> _DATA SECTION_:
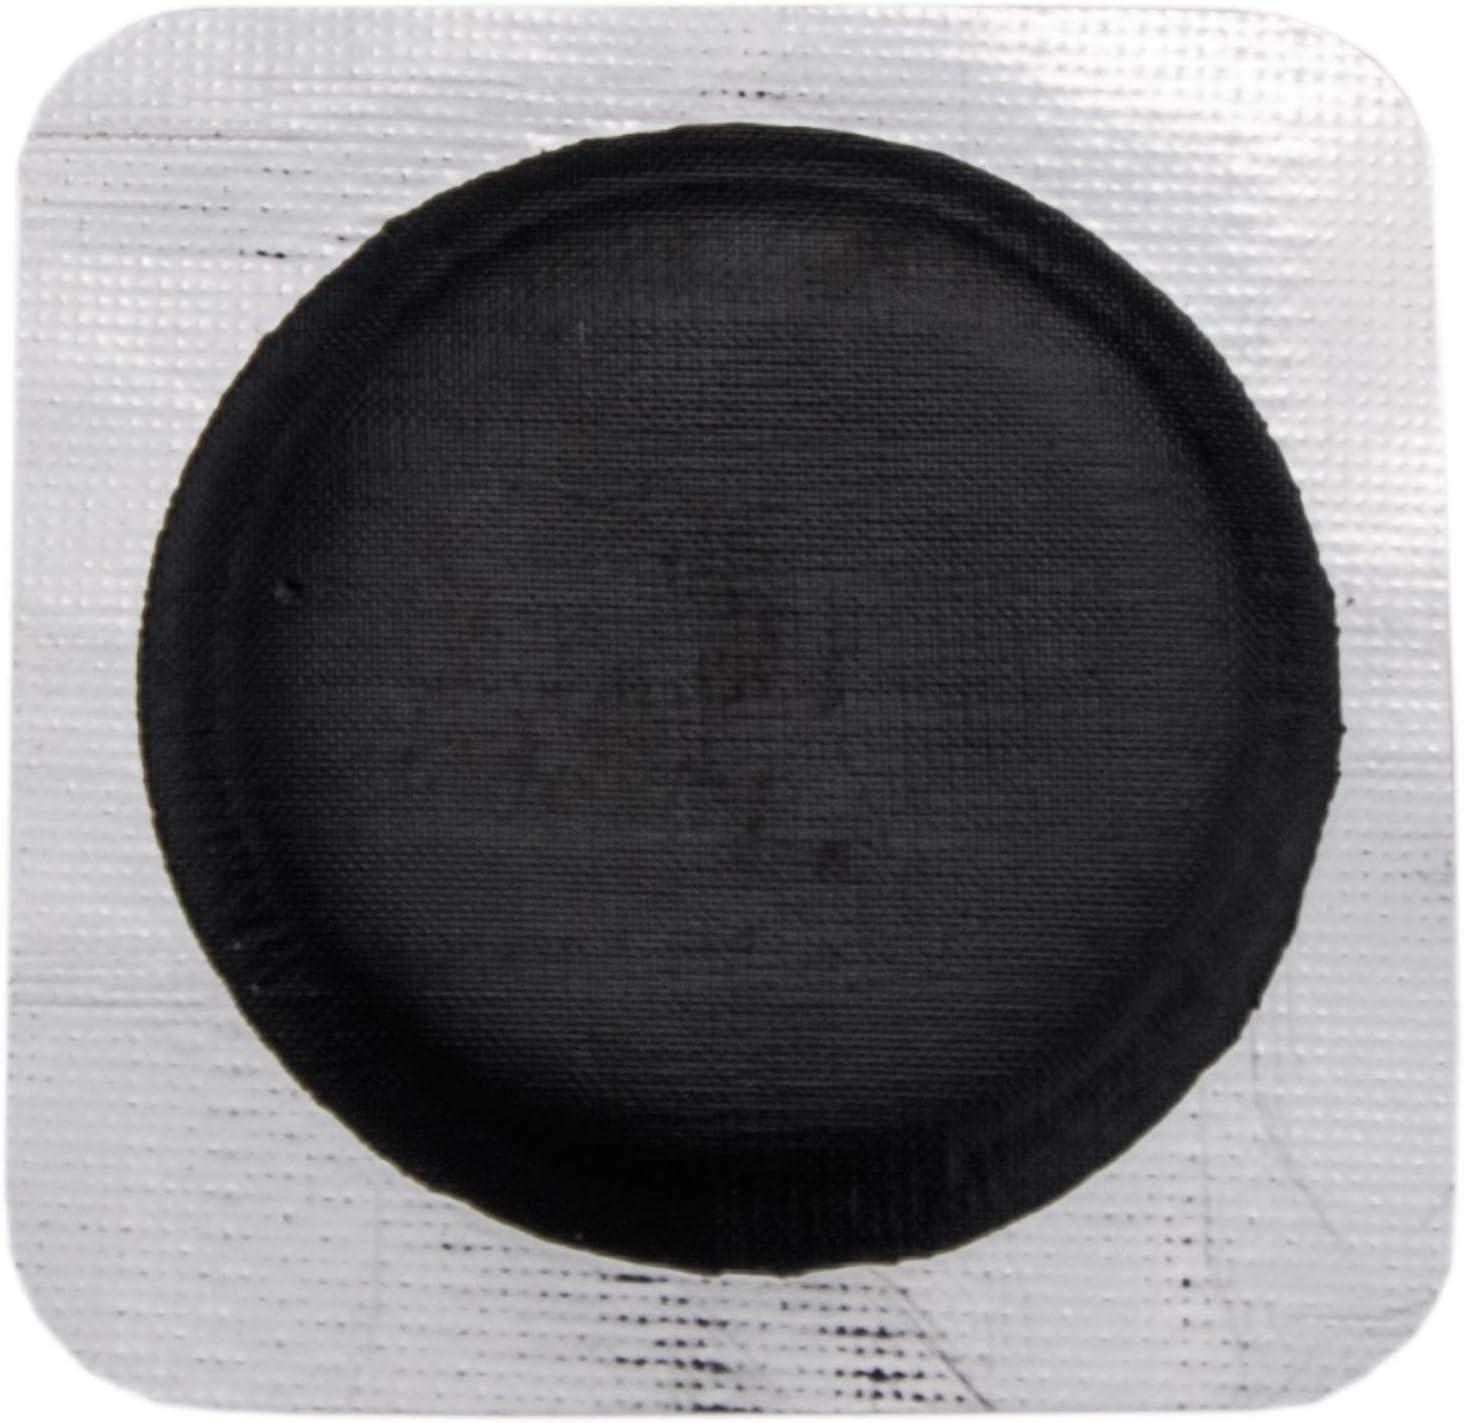 Stix 8X Reparatur Flicken f/ür Reifen 30mm Universal Set Flickzeug Gummi Patch
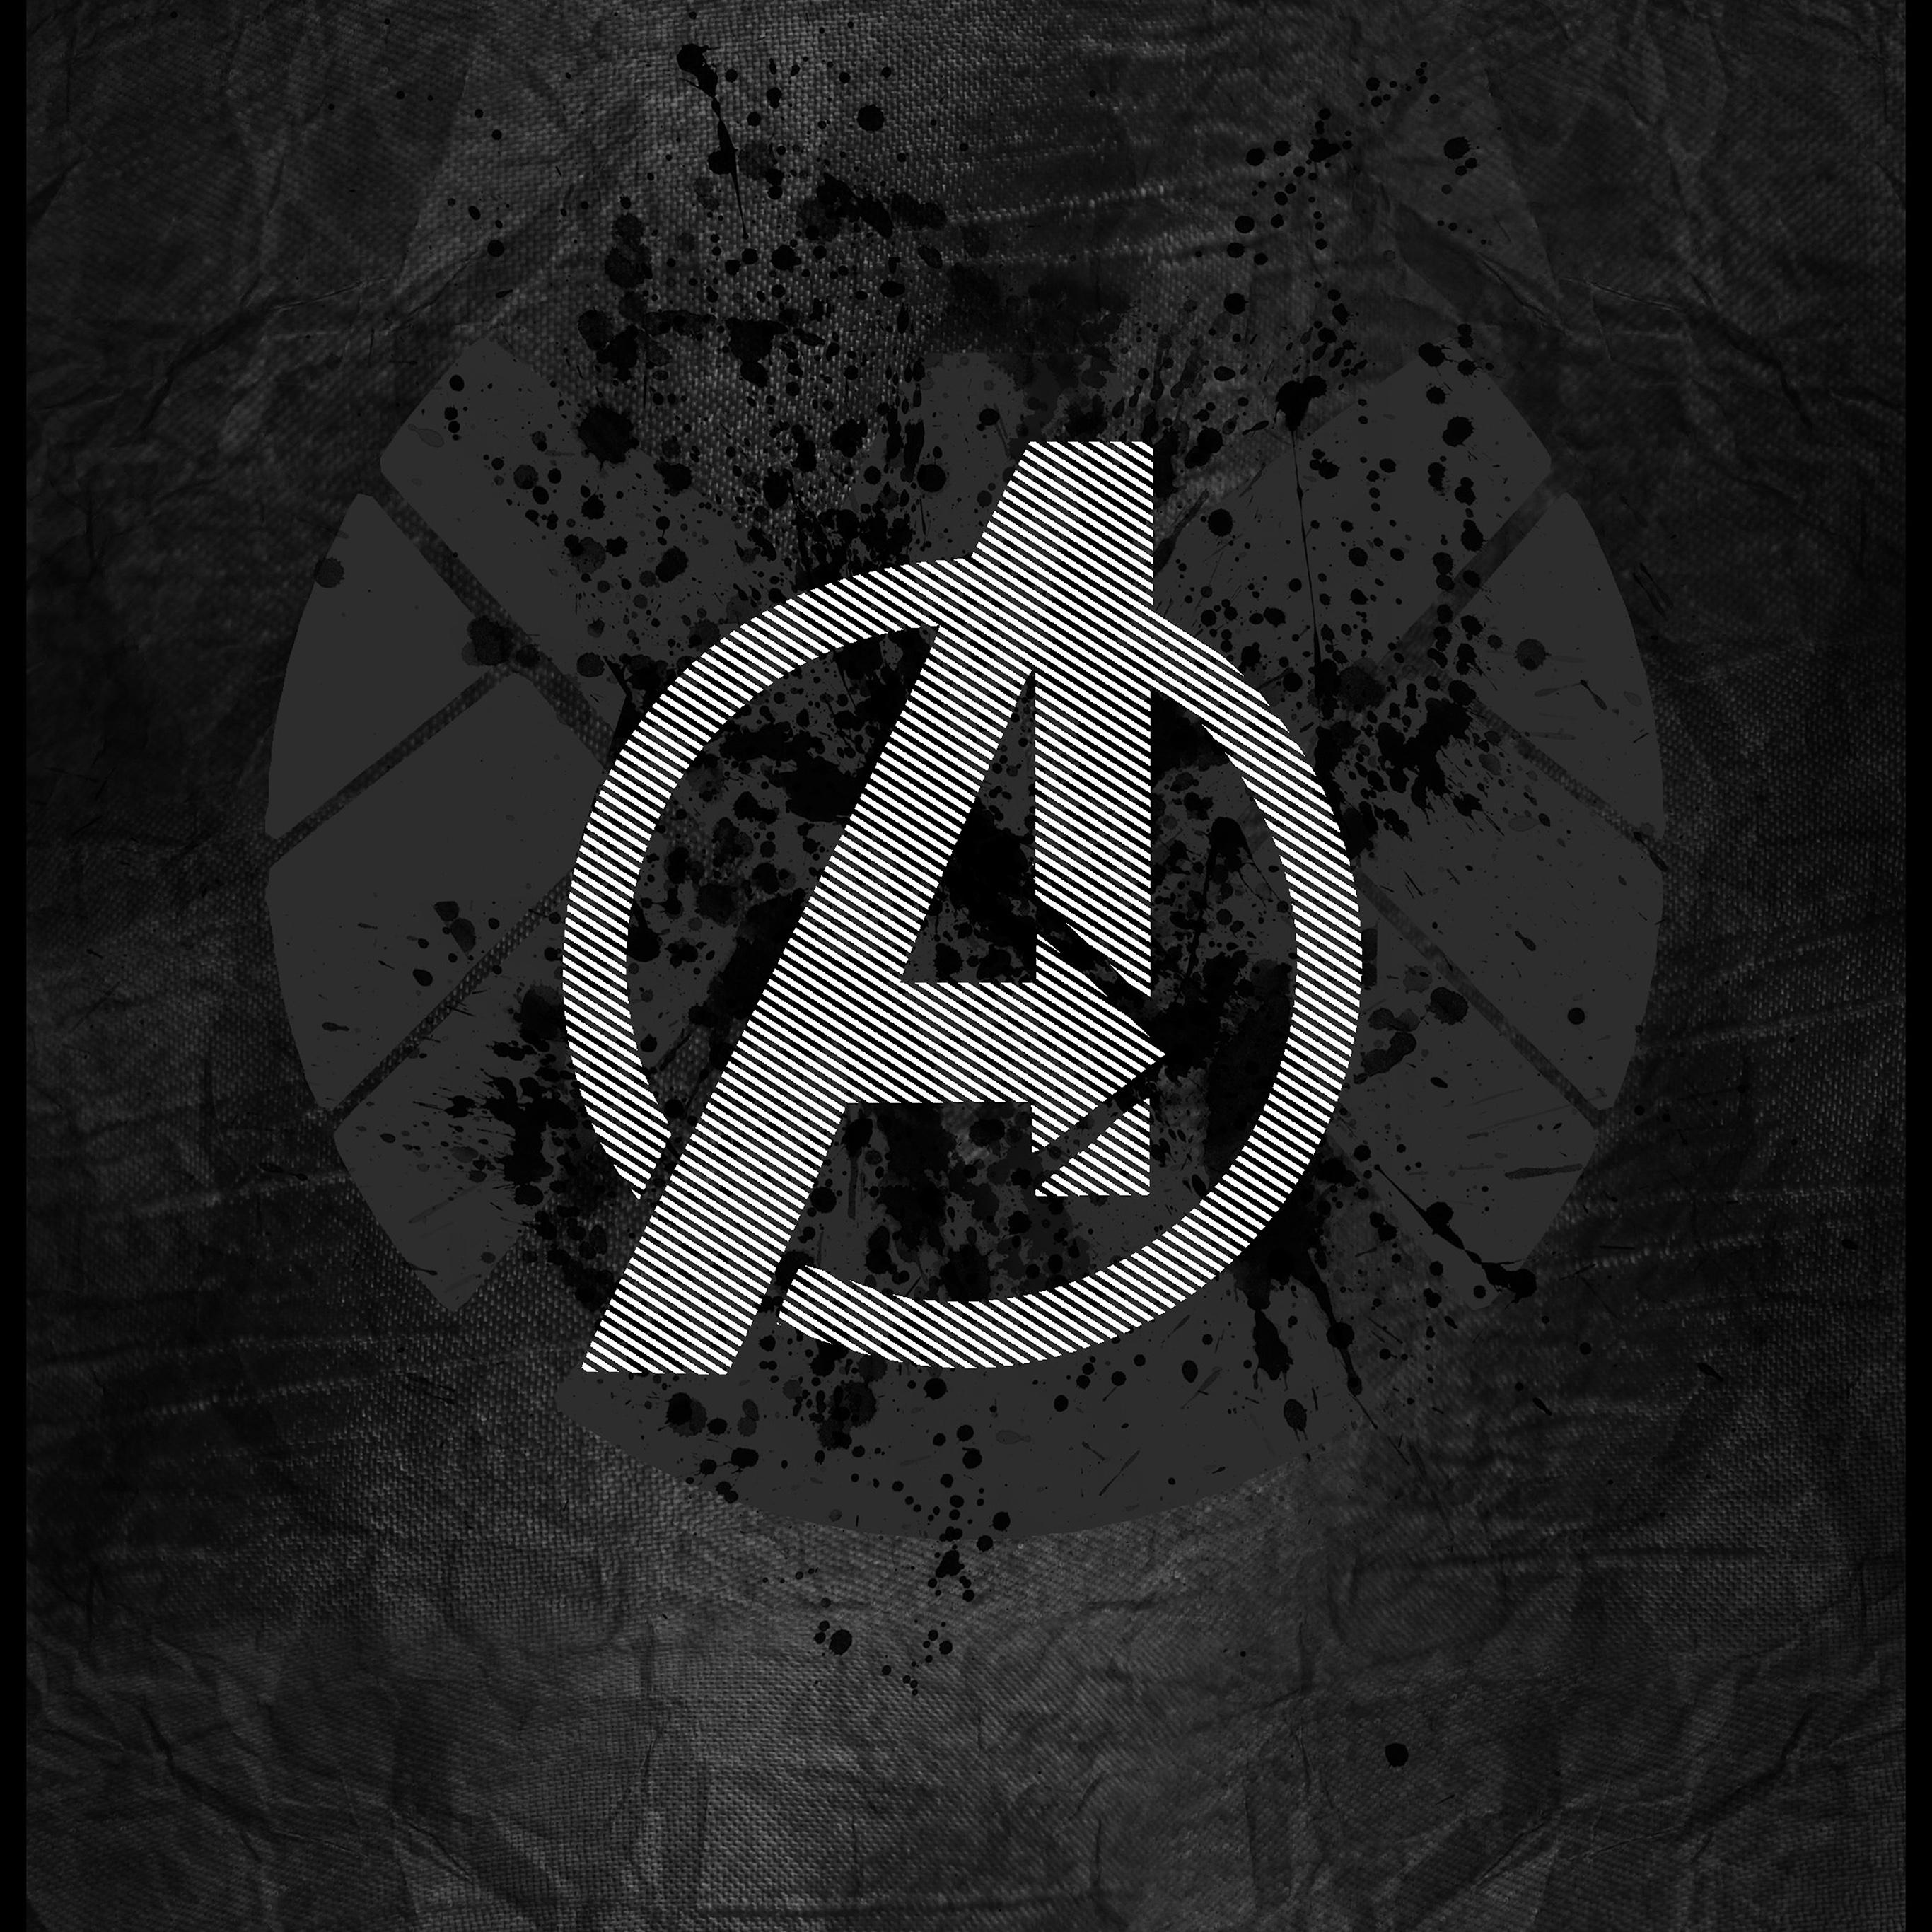 Ipad retina - Avengers symbol wallpaper ...
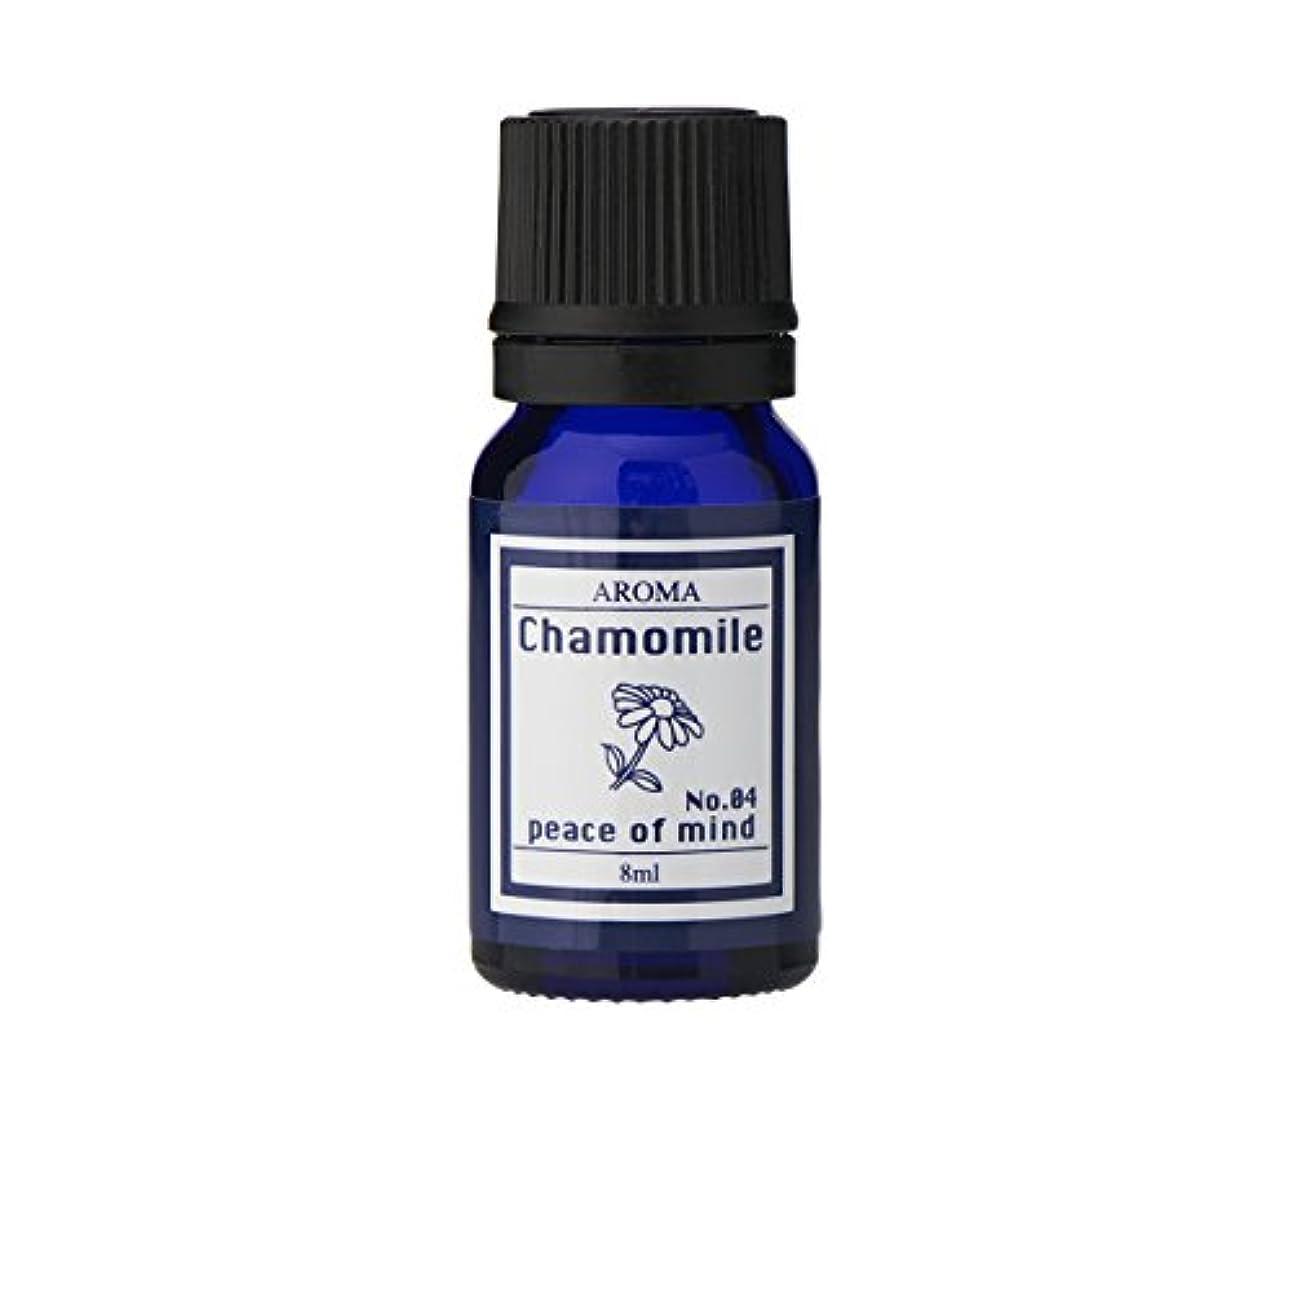 剥ぎ取る忘れるほこりっぽいブルーラベル アロマエッセンス8ml カモマイル(アロマオイル 調合香料 芳香用)

> _WORK ITEM_: Copy the data above word for word. Pictures stay out.

> _EXPECTED ANSWER_:
 Stix 8X Reparatur Flicken f/ür Reifen 30mm Universal Set Flickzeug Gummi Patch
 Ipad retina - Avengers symbol wallpaper ...
 剥ぎ取る忘れるほこりっぽいブルーラベル アロマエッセンス8ml カモマイル(アロマオイル 調合香料 芳香用)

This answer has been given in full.